Foundations for statistical inference - Confidence intervals

Sampling from Ames, Iowa

The Data

download.file("http://www.openintro.org/stat/data/ames.RData", destfile = "ames.RData")
load("ames.RData")
population <- ames$Gr.Liv.Area
samp <- sample(population, 60)

summary(samp)
##    Min. 1st Qu.  Median    Mean 3rd Qu.    Max. 
##     792    1115    1482    1472    1803    2599
hist(samp)

Exercise 1

Describe the distribution of your sample. What would you say is the “typical” size within your sample? Also state precisely what you interpreted “typical” to mean.

My sample is unimodal and rightward skewed. A majority of the data, or the typical size, is between 1000 and 1500. I interpret typical to mean which size house is most common (the mode).

Exercise 2

Would you expect another student’s distribution to be identical to yours? Would you expect it to be similar? Why or why not?

I would not expect another student’s distribution to be identical to mine. This is beacuse we are using a small sample size of only 60 out of a large population. While there is a chance another student’s distribution may be similar in terms of being rightward skewed, it is very unlikely it would look indentical.

Confidence Intervals

sample_mean <- mean(samp)

se <- sd(samp) / sqrt(60)
lower <- sample_mean - 1.96 * se
upper <- sample_mean + 1.96 * se
c(lower, upper)
## [1] 1366.089 1578.611

Exercise 3

For the confidence interval to be valid, the sample mean must be normally distributed and have standard error s/sqrt(n) What conditions must be met for this to be true?

The data must be randomly sampled, all observations must be independent, and the data should be normally distributed.

Confidence Levels

Exercise 4

What does “95% confidence” mean? If you’re not sure, see Section 4.2.2.

A 95% confidence is a sense of precision of the mean. It suggests that we are 95% confident that the true population mean is between our two calculated values.

In this case we have the luxury of knowing the true population mean since we have data on the entire population. This value can be calculated using the following command:
mean(population)
## [1] 1499.69

Exercise 5

Does your confidence interval capture the true average size of houses in Ames?

Yes, my confidence levels are (1344.969, 1614.765). This includes the true population mean of 1299.69

Exercise 6

Each student in your class should have gotten a slightly different confidence interval. What proportion of those intervals would you expect to capture the true population mean? Why?

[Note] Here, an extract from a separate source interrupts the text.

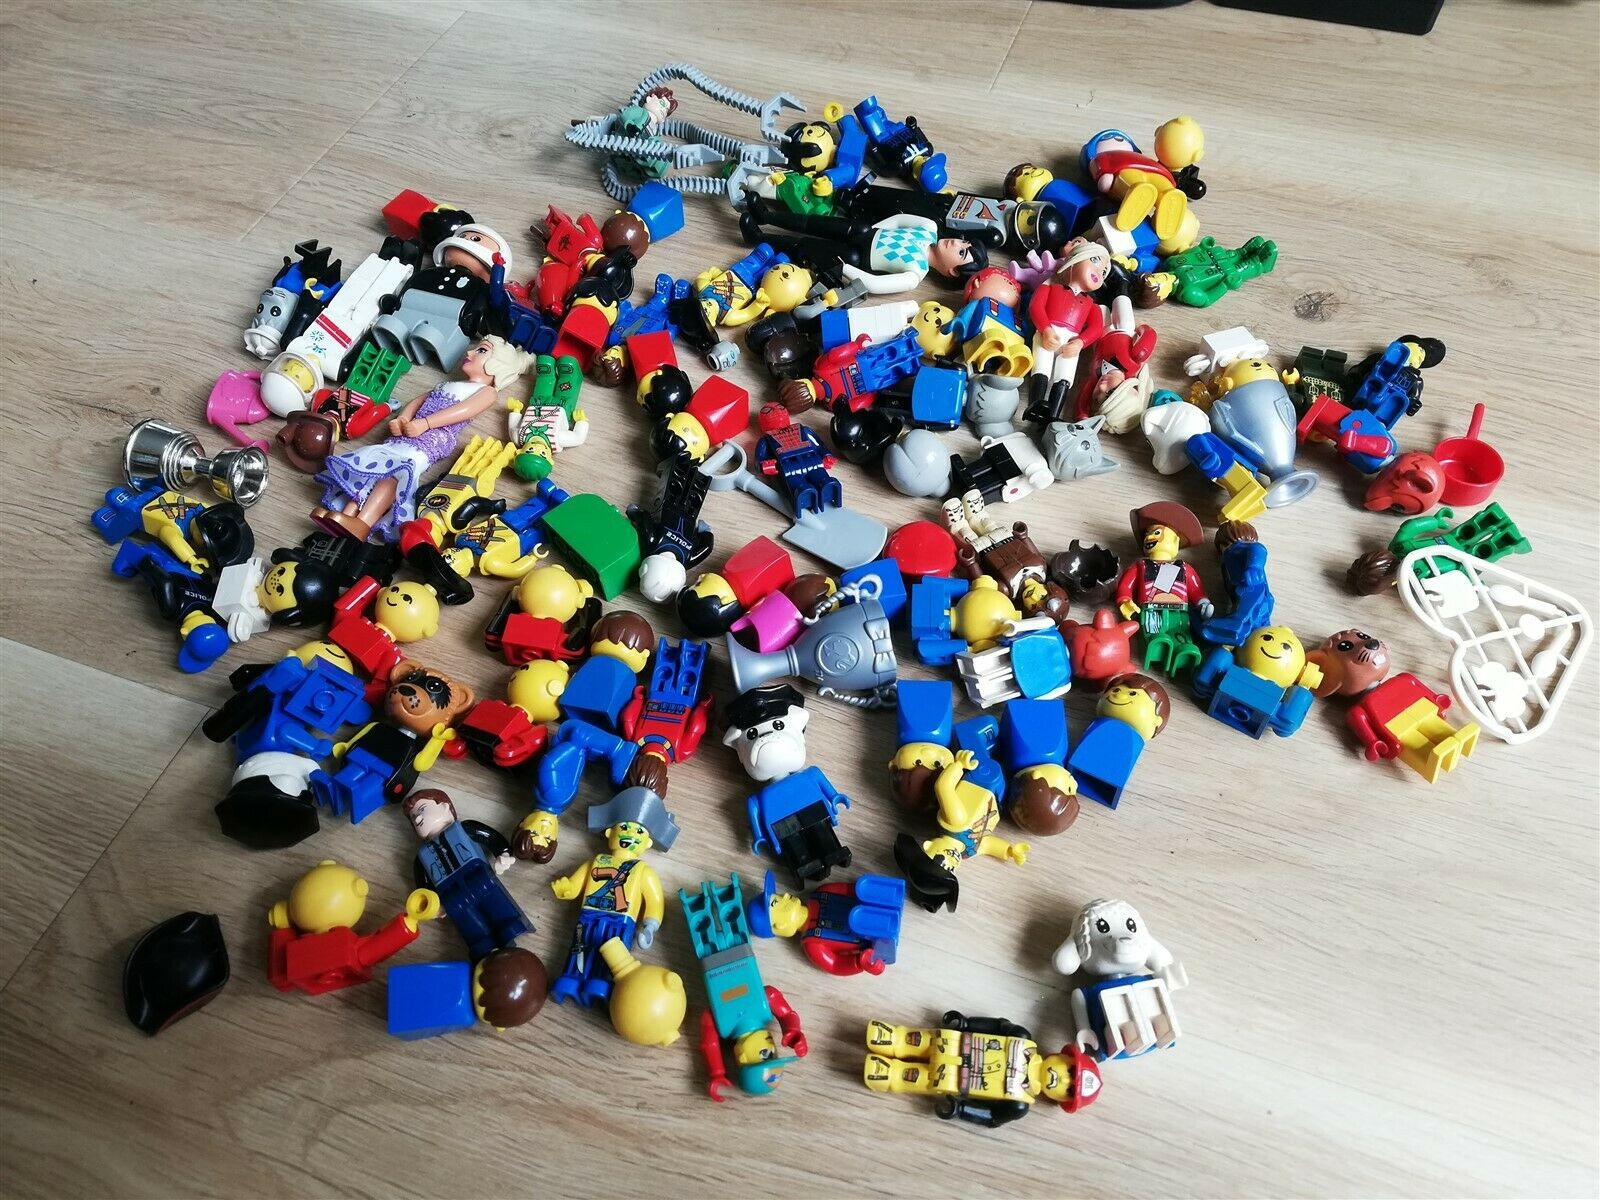 LEGO Bulk Lot Fabuland, Vintage, maxifig, creator figures and more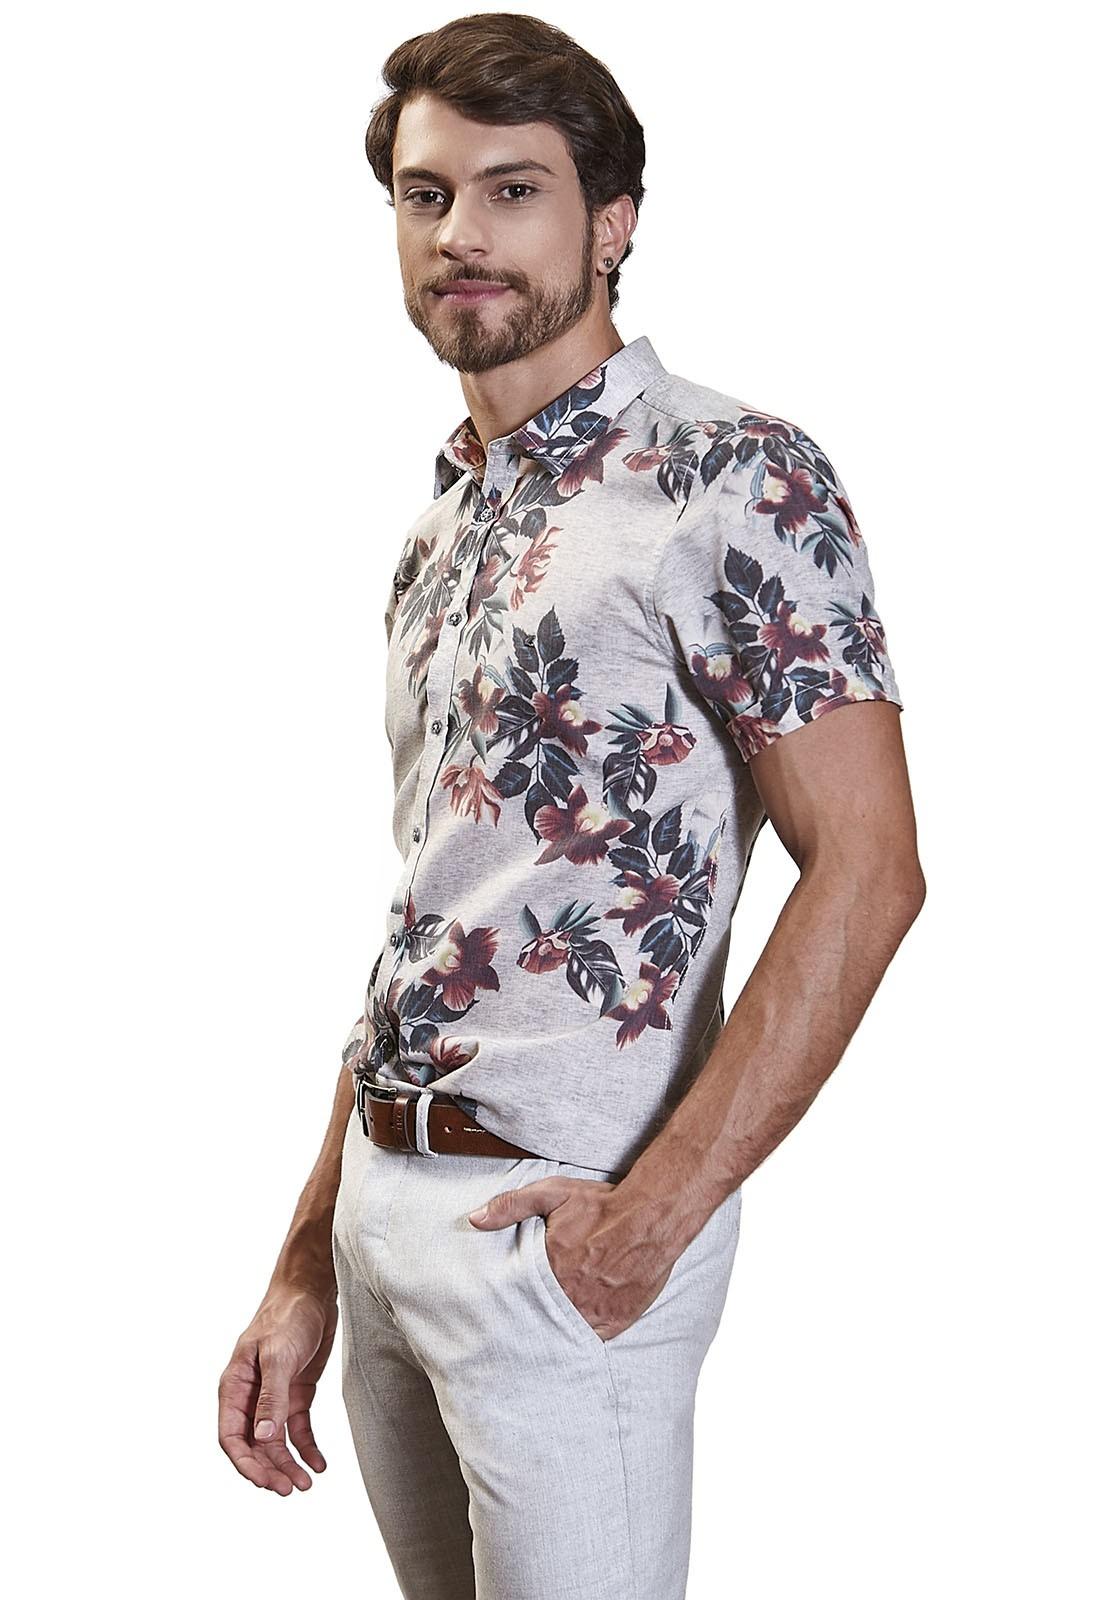 Camisa Slim Zaiko Estampada Floral Manga Curta 2257 Branca

I would expect 95% of the class to have confidence intervals that included the true population mean. This is because each of us have calculated a 95% confidence interval on our own random identically sized samples.

samp_mean <- rep(NA, 50)
samp_sd <- rep(NA, 50)
n <- 60
for(i in 1:50){
  samp <- sample(population, n) # obtain a sample of size n = 60 from the population
  samp_mean[i] <- mean(samp)    # save sample mean in ith element of samp_mean
  samp_sd[i] <- sd(samp)        # save sample sd in ith element of samp_sd
}
lower_vector <- samp_mean - 1.96 * samp_sd / sqrt(n) 
upper_vector <- samp_mean + 1.96 * samp_sd / sqrt(n)
c(lower_vector[1], upper_vector[1])
## [1] 1277.675 1529.125

On Your Own

plot_ci(lower_vector, upper_vector, mean(population))

1) Using the following function (which was downloaded with the data set), plot all intervals. What proportion of your confidence intervals include the true population mean? Is this proportion exactly equal to the confidence level? If not, explain why.

47/50 of my confidence intervals include the true population mean. This is lower than the confidence level. A 95% confidence means that at least 95% of the sample intervals will include the true mean, in my situation the number was lower at 94%.

2) Pick a confidence level of your choosing, provided it is not 95%. What is the appropriate critical value?

For a 99% confidence level the critical value for this confidence interval is +/- 2.58 * Standard Error

3) Calculate 50 confidence intervals at the confidence level you chose in the previous question. You do not need to obtain new samples, simply calculate new intervals based on the sample means and standard deviations you have already collected. Using the plot_ci function, plot all intervals and calculate the proportion of intervals that include the true population mean. How does this percentage compare to the confidence level selected for the intervals?

lower_vector <- samp_mean - 2.58 * samp_sd / sqrt(n) 
upper_vector <- samp_mean + 2.58 * samp_sd / sqrt(n)
plot_ci(lower_vector, upper_vector, mean(population))

For me, this has a higher value as there is 100% inclusion of the population mean in each confidence interval.